All of this is also true for easter eggs found in tech products. 

Today, I want to look at easter eggs in robots.txt files. I will explain the concept of easter eggs and robots.txt files and why developers may include easter eggs in them. 

I also went on my own easter egg hunt to determine how many forms easter eggs in robots.txt files can take. As it turns out – many! 

Read on and be sure to get to the end of this article – I will have a task for you!

What are easter eggs in tech?

Easter eggs in tech are understood as undocumented features or pieces of software that are not necessary for the product to work. These features are not openly revealed or shared with the users who need to search for them without much guidance.

Easter eggs are commonly found in video games, programs, apps, software, and parts of websites. 

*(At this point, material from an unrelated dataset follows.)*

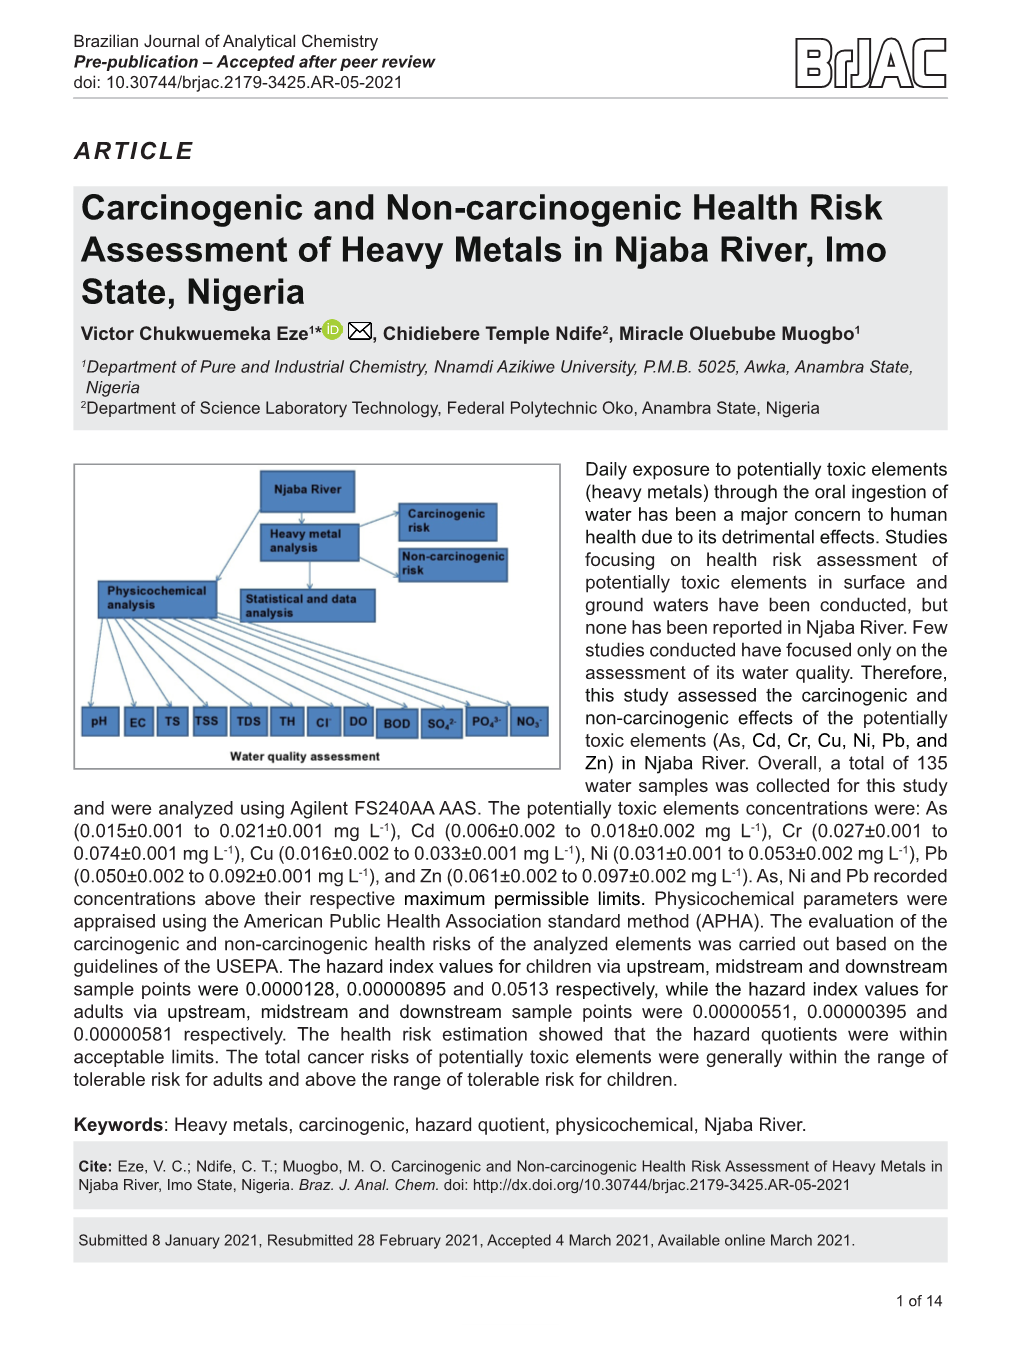 Carcinogenic and Non-Carcinogenic Health Risk Assessment of Heavy

They come in many forms, such as: 

  • cheat codes in a game that uncover additional features or levels, 
  • cultural references appearing on hidden pages or other web documents,
  • games or apps located in software made for other purposes, e.g., writing and editing text documents, 
  • messages left behind by developers, e.g., ones that credit the creators of the product. 

The list goes on, and there are no limits to what easter eggs can be. 

But there is more to it.

For me, easter eggs are a human touch in a machine environment characterized by abundant logic and concrete rules. 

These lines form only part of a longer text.